It was at the inaugural Australian Game Developers Conference (AGDC) that De Margheriti, along with Adam Lancman and others, formed the local industry representative body titled the Game Developers Association of Australia [GDAA] in order to increase the profile of the Australian games industry both domestically and internationally. De Margheriti acted as treasurer until late 2005 when he resigned from the Board to focus his energies on expanding BigWorld Pty Limited. De Margheriti is credited with creating and personally funding the GDAA (determining its aims and objectives, board composition, voting rights, constitution, web pages and accounting needs) as well as choosing its first President and Board. The AIE funded the Australian Game Developers Conference and donated most if not all its profits made from AGDC to the GDAA.

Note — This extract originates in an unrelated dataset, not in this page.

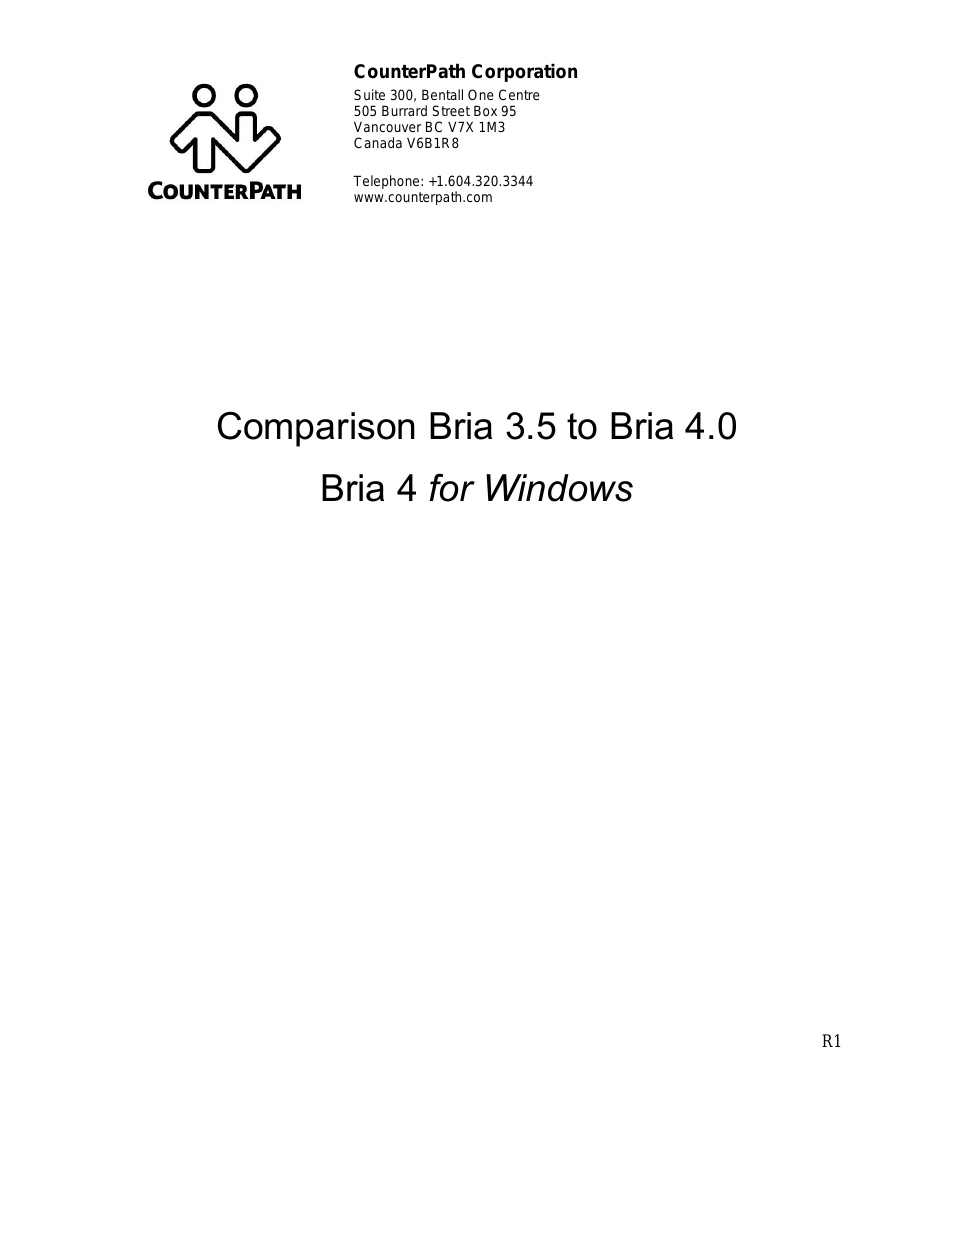 Bria 3.5 vs 4 for Windows Comparison Guide
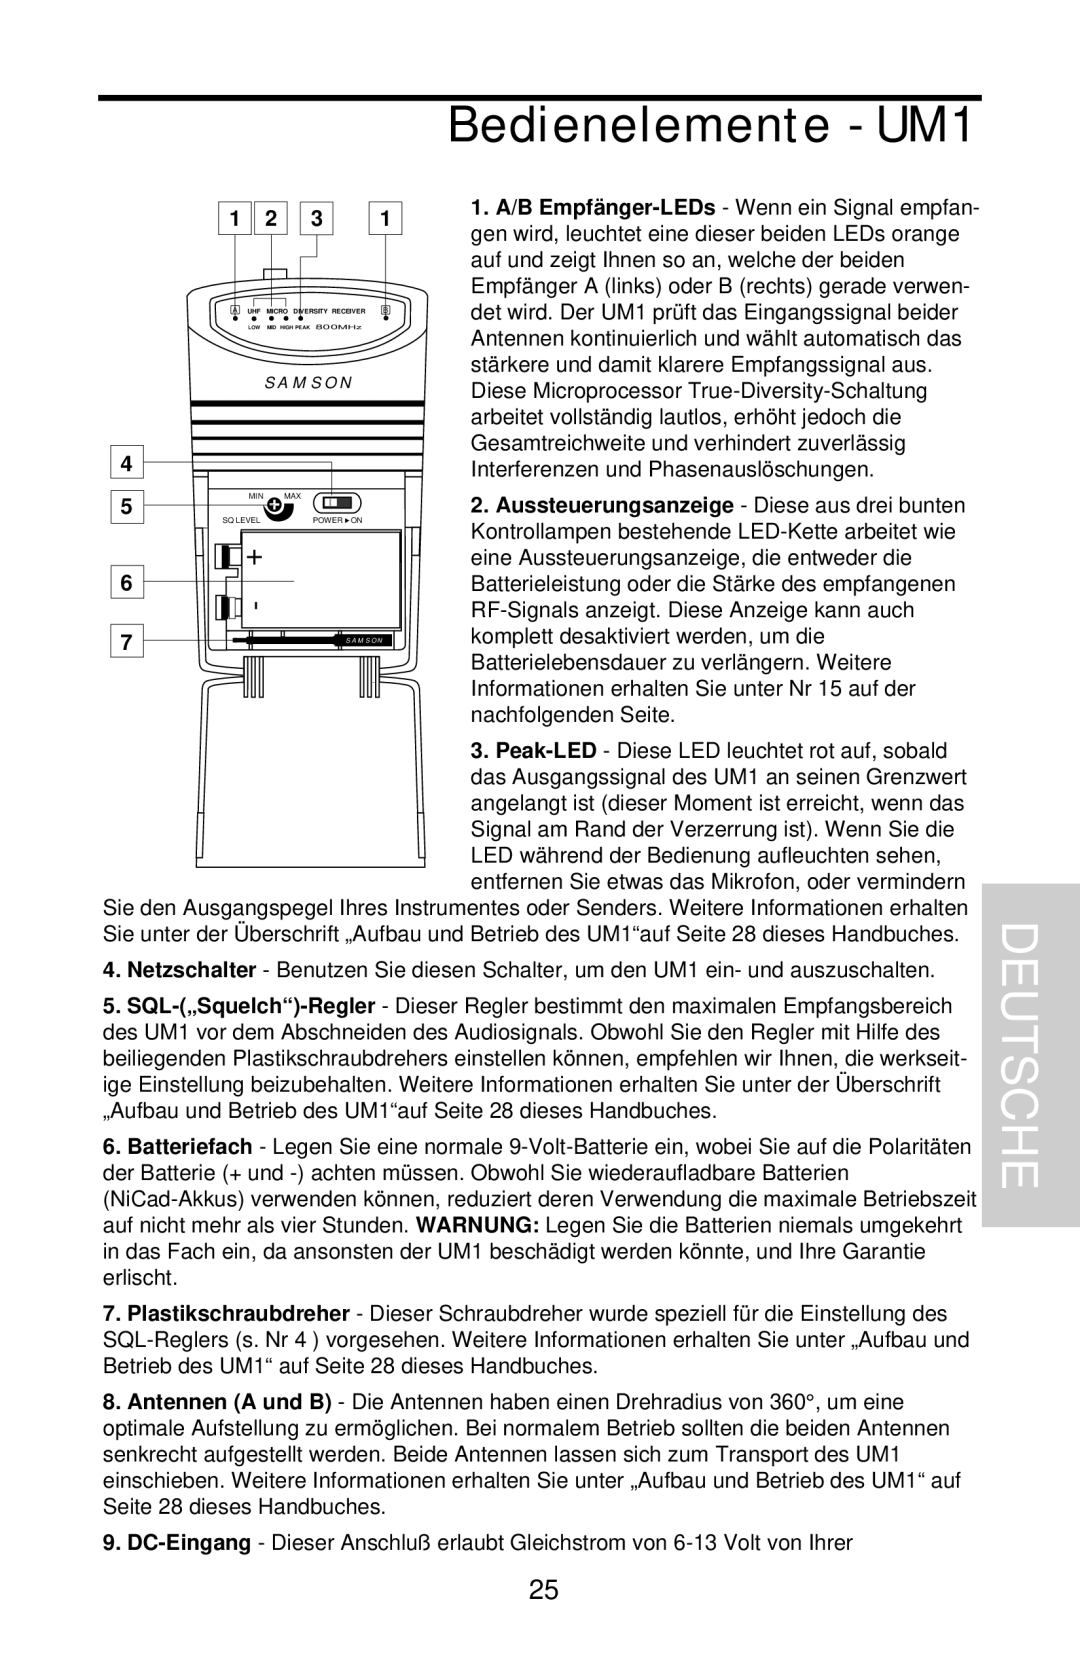 Samson UHF Series One owner manual Bedienelemente - UM1, Deutsche

De Margheriti is a founding member of the Association of Christian Entertainment.

De Margheriti established Canberra Technology Park (CTP) in 1997, a business park to facilitate the growth of the computer game development, 3D animation and other information technology [IT] related industries within Canberra.

In November 2000, ACT Chief Minister, Gary Humphries, appointed De Margheriti Honorary Ambassador for Canberra in recognition of De Margheriti's contribution in assisting Canberra to develop a significant business base. De Margheriti continues to foster business growth for start ups, mentor industry rookies and support industry development. He has participated as a guest presenter at industry conferences; is pro-active in seeking government support and assistance for the Australian industry, and features in industry related media. Since 2005 De Margheriti has focused more on his growing world-wide businesses and is less involved in local industry politics.

In 2005 De Margheriti took over the site management of the Capital Region Enterprise and Employment Development Association (CREEDA) Business Centres ,  and Erindale that had gone into liquidation, with a view to negotiate a long term lease on the sites. De Margheriti's main motivation in taking over the defunct sites was to restore an important business incubator function in Australia's capital city, Canberra. The sites were re-branded as Canberra Business Parks and in May 2008, De Margheriti largely donated the CBP name [and associated brands] and business, which were now a profitable business [almost operating at full capacity] to the ACT Government and the local business community.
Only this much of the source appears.